**Task goal**:
Print the entire listing below word for word, excluding its pictures.

[Dataset extract — start]

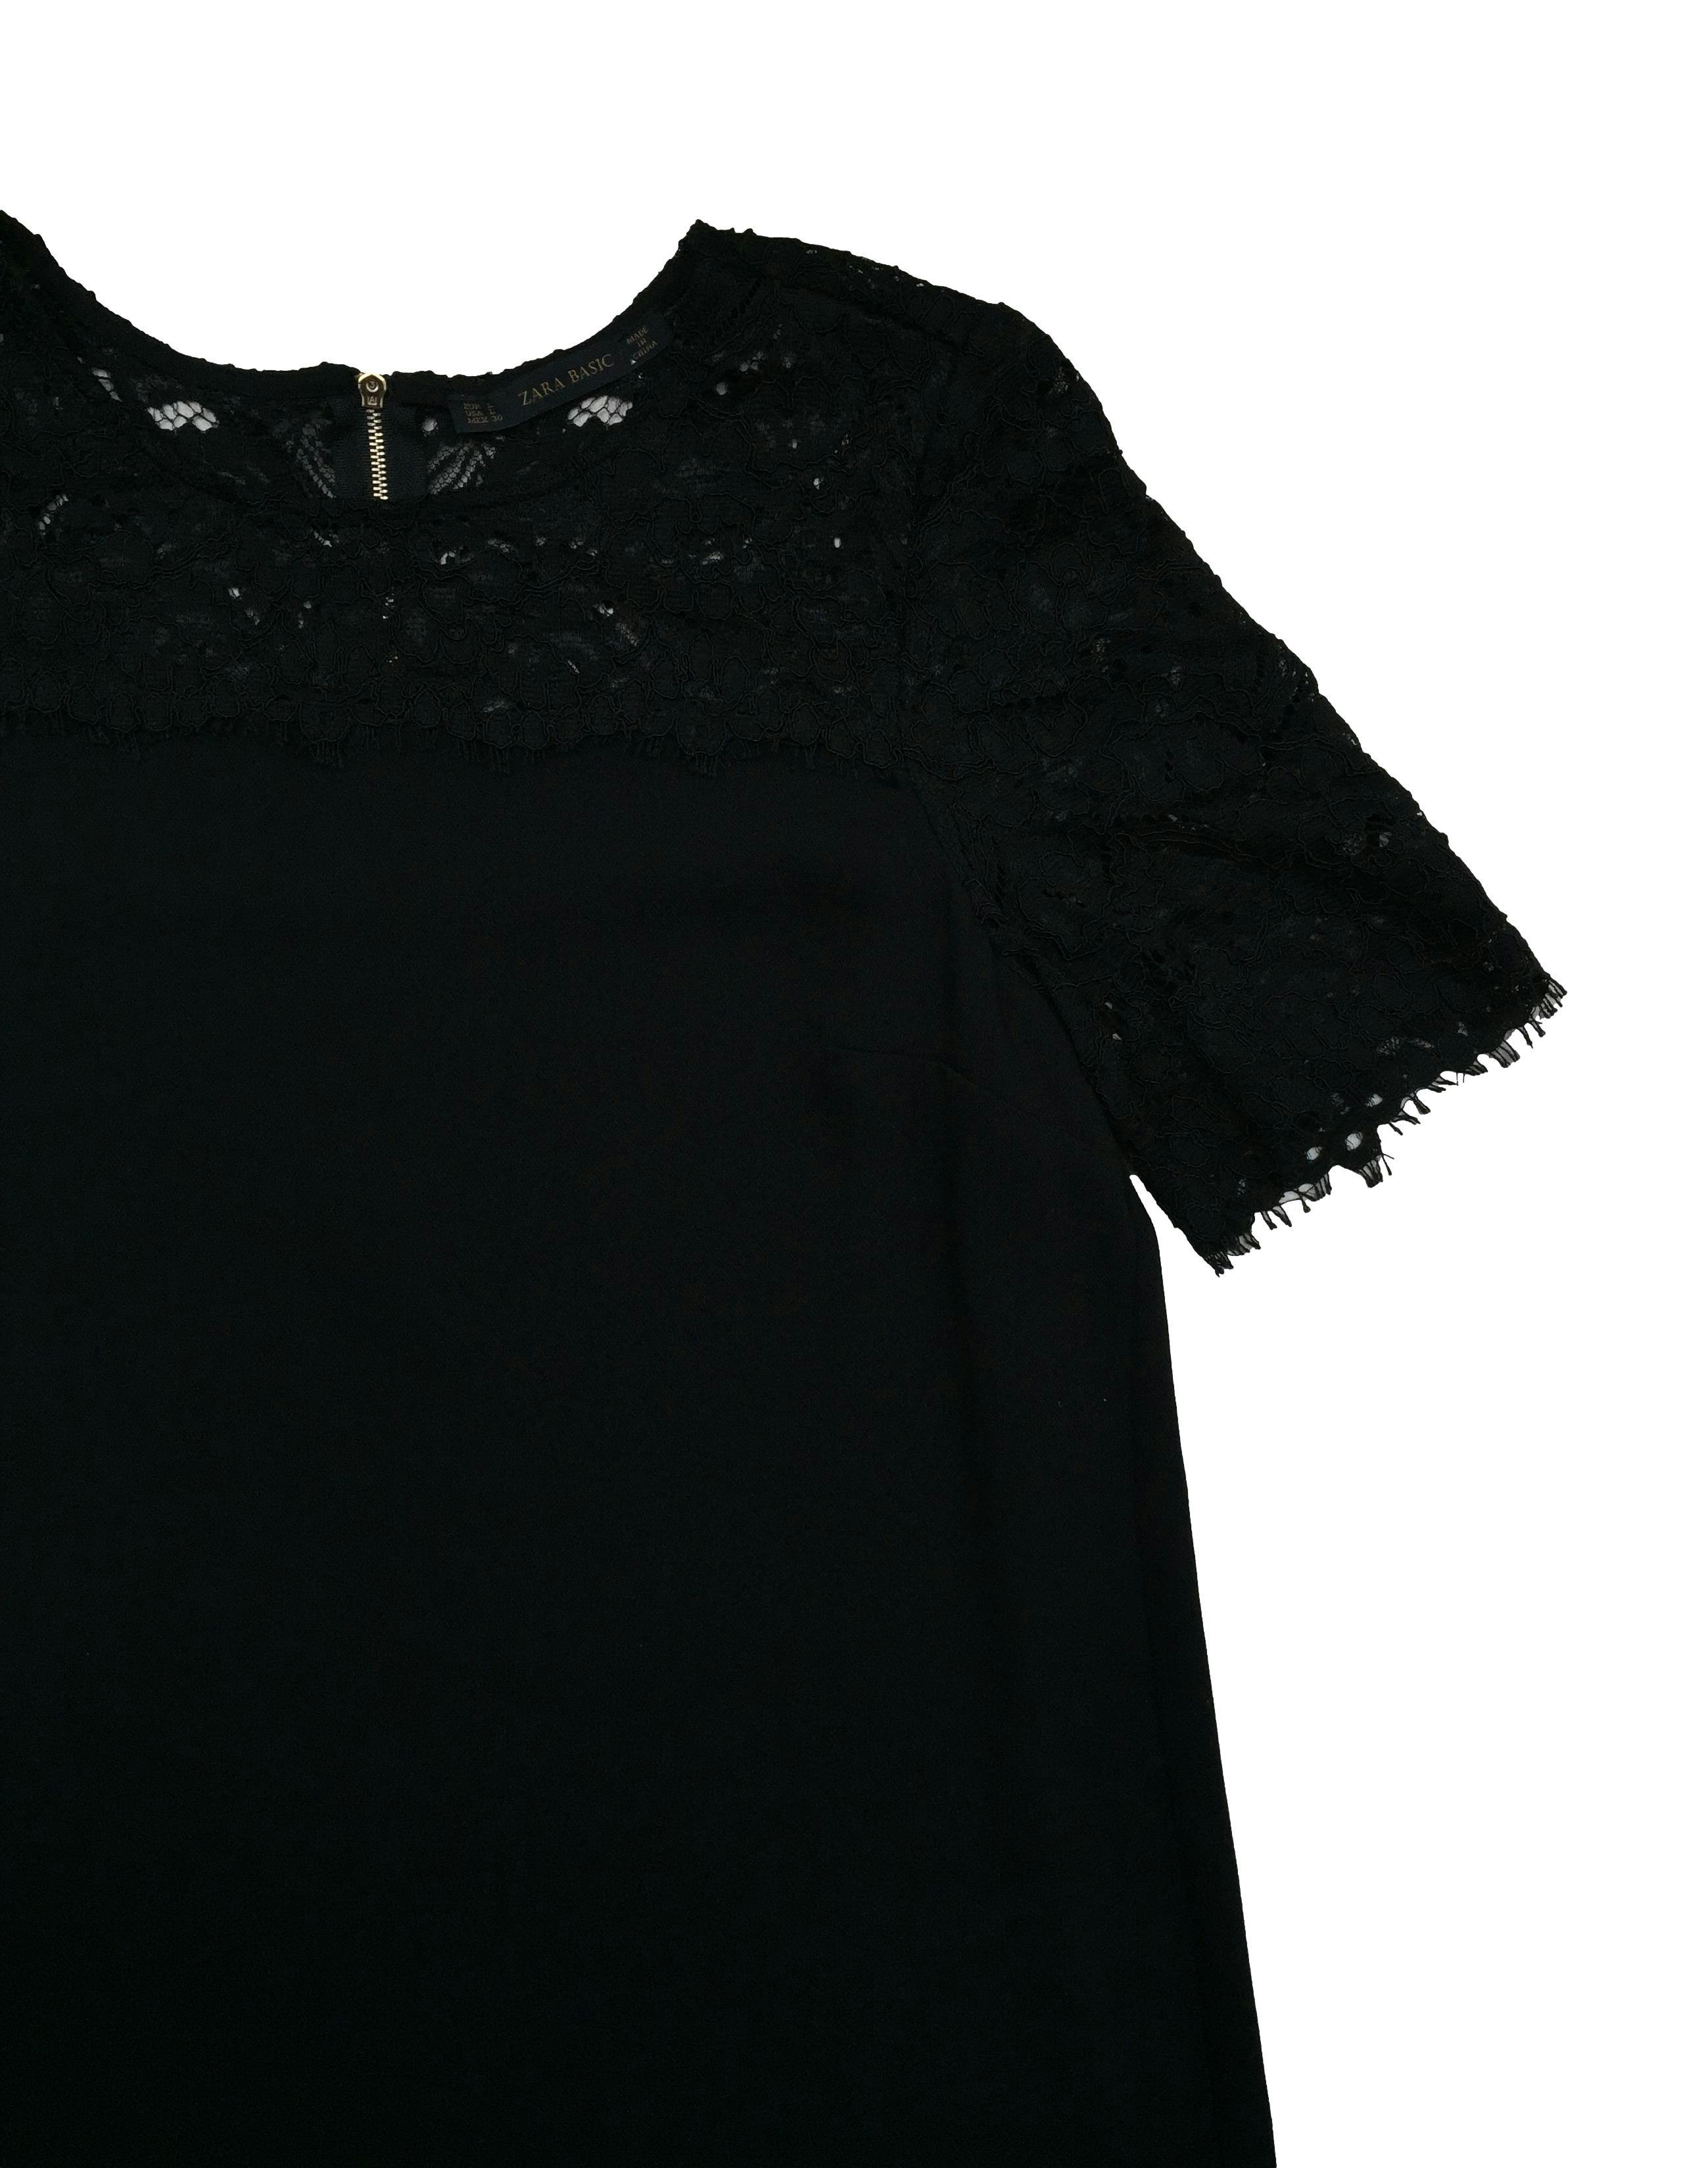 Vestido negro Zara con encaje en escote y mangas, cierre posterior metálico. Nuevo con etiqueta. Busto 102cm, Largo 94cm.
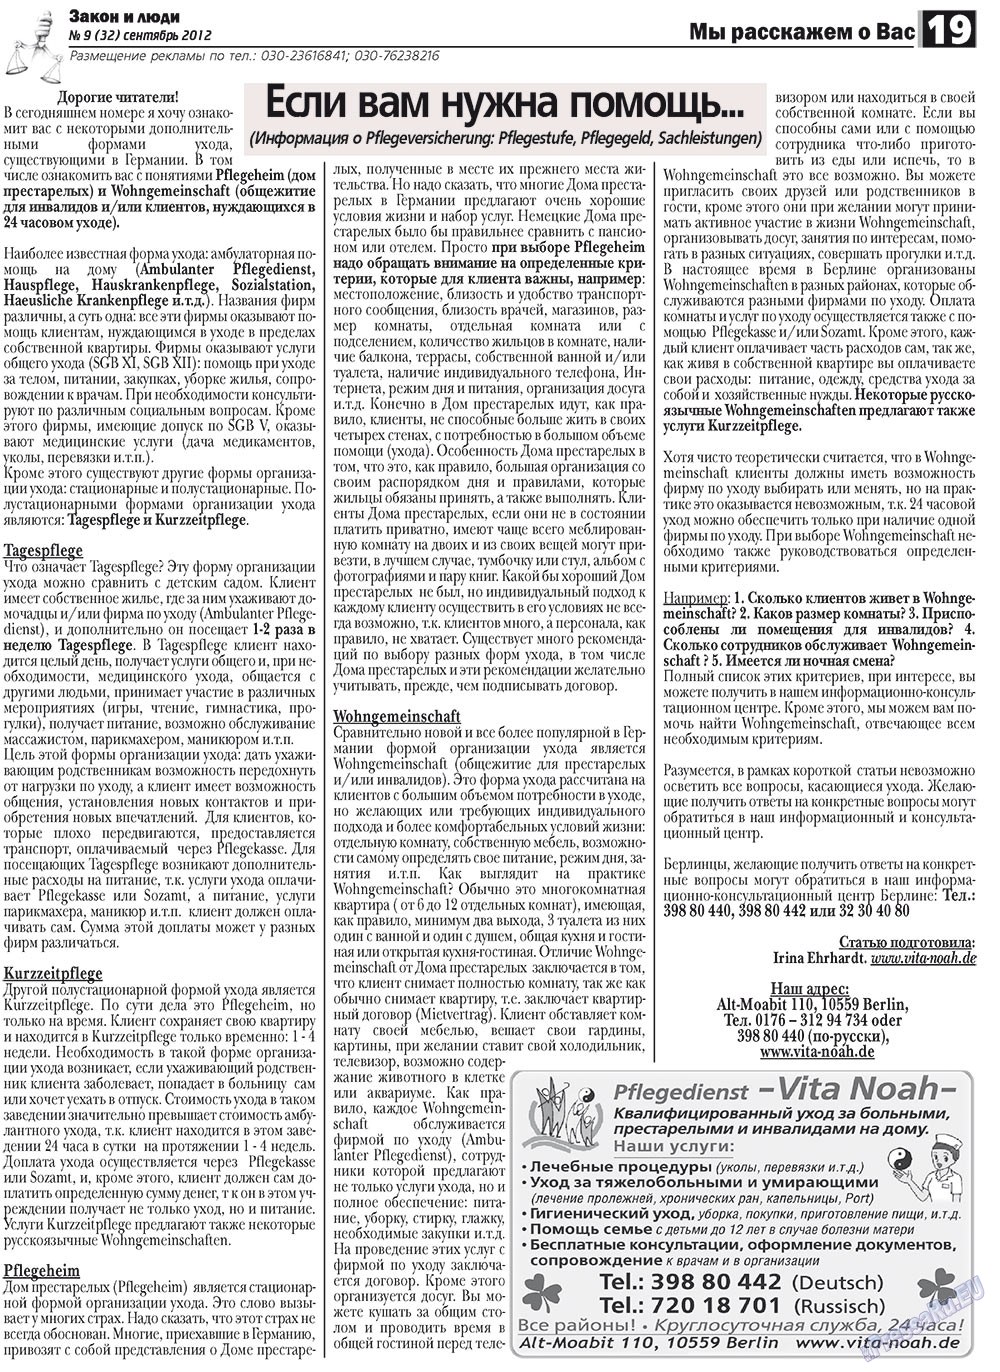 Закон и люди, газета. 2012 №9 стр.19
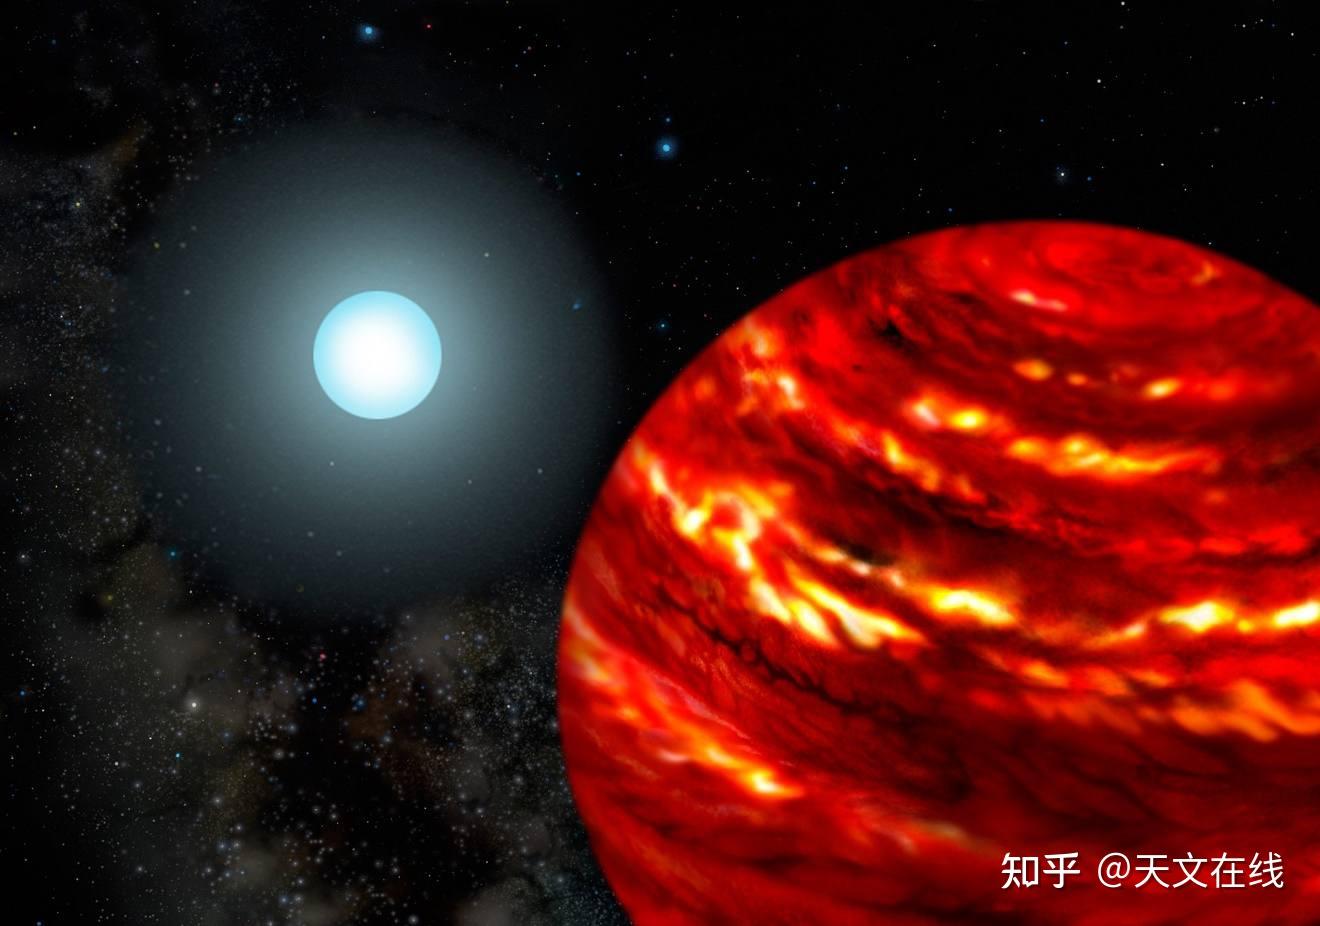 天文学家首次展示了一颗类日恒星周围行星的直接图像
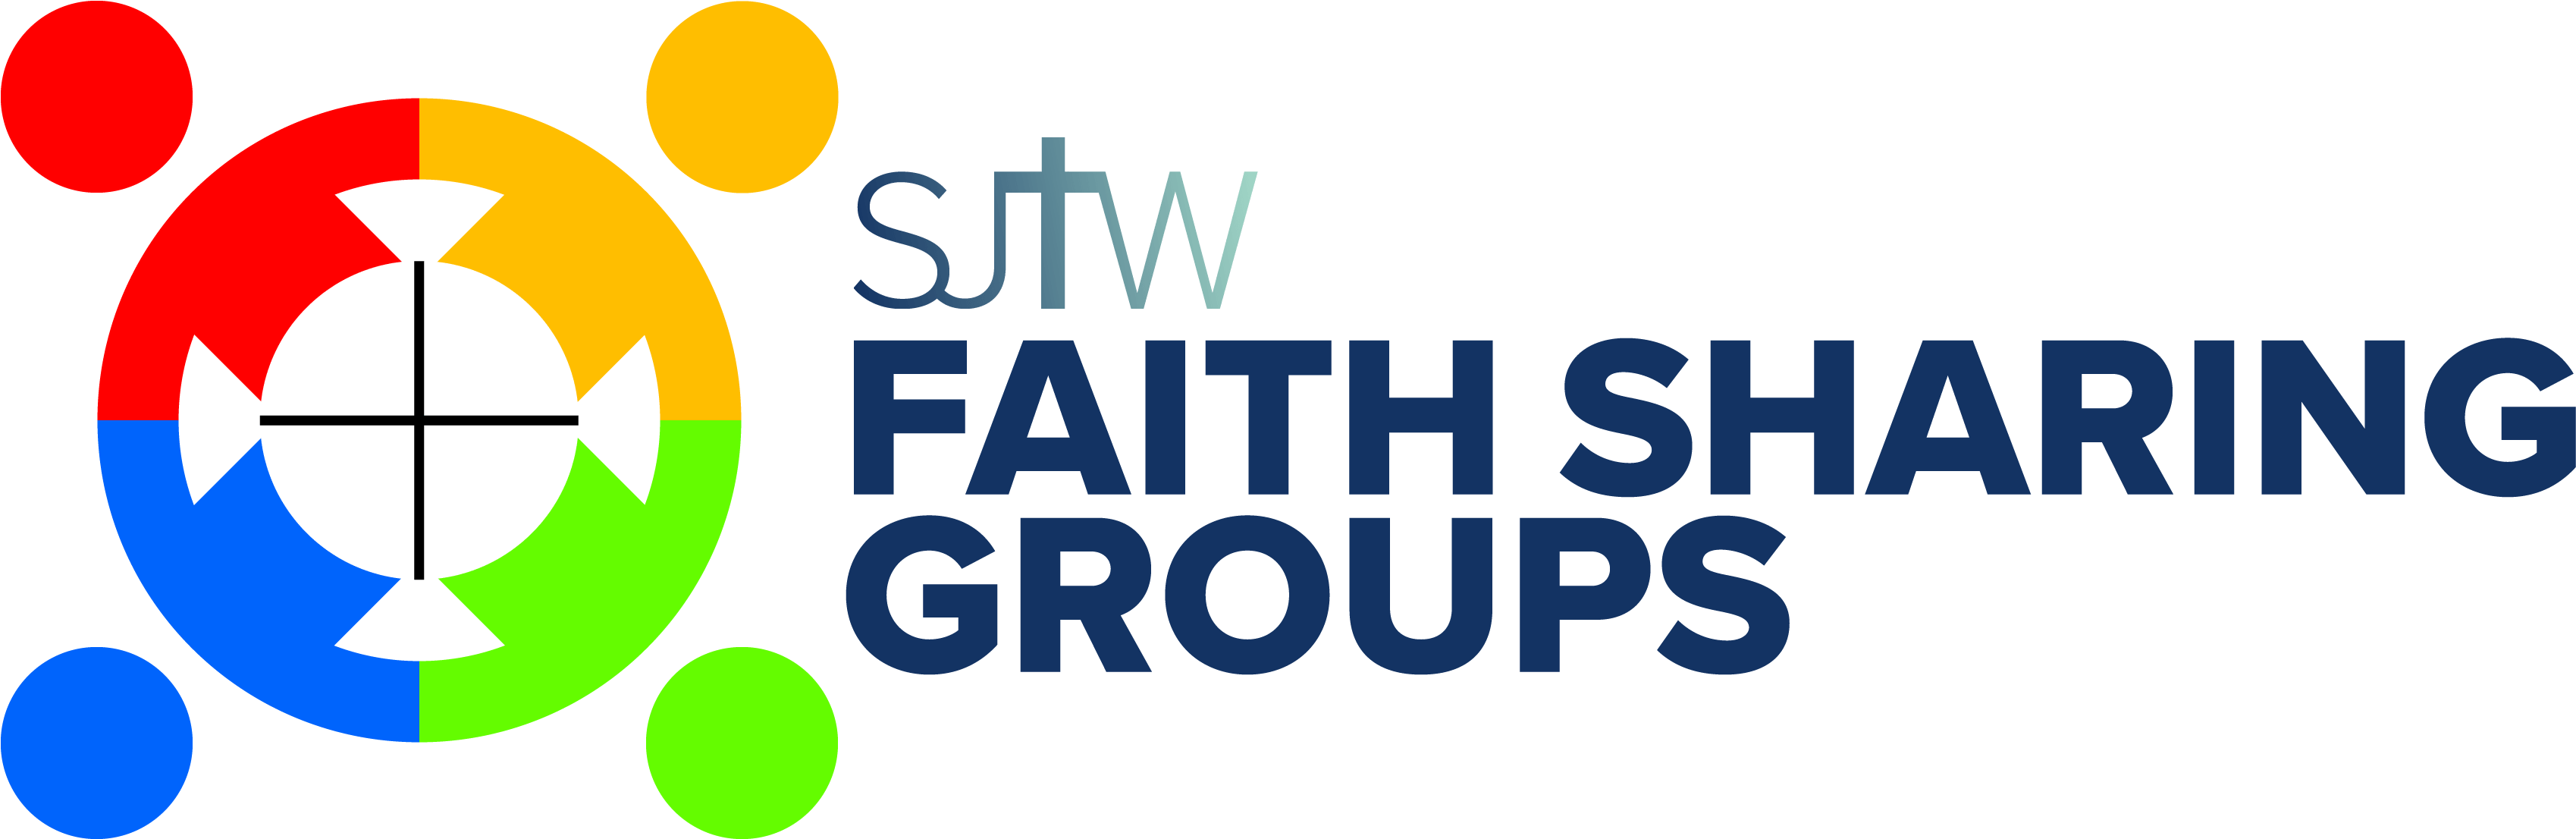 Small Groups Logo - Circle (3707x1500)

[Dataset extract — finish]

**Exercise result**:
 Vestido negro Zara con encaje en escote y mangas, cierre posterior metálico. Nuevo con etiqueta. Busto 102cm, Largo 94cm.
 Закон и люди, газета. 2012 №9 стр.19
 天文学家首次展示了一颗类日恒星周围行星的直接图像
 Small Groups Logo - Circle (3707x1500)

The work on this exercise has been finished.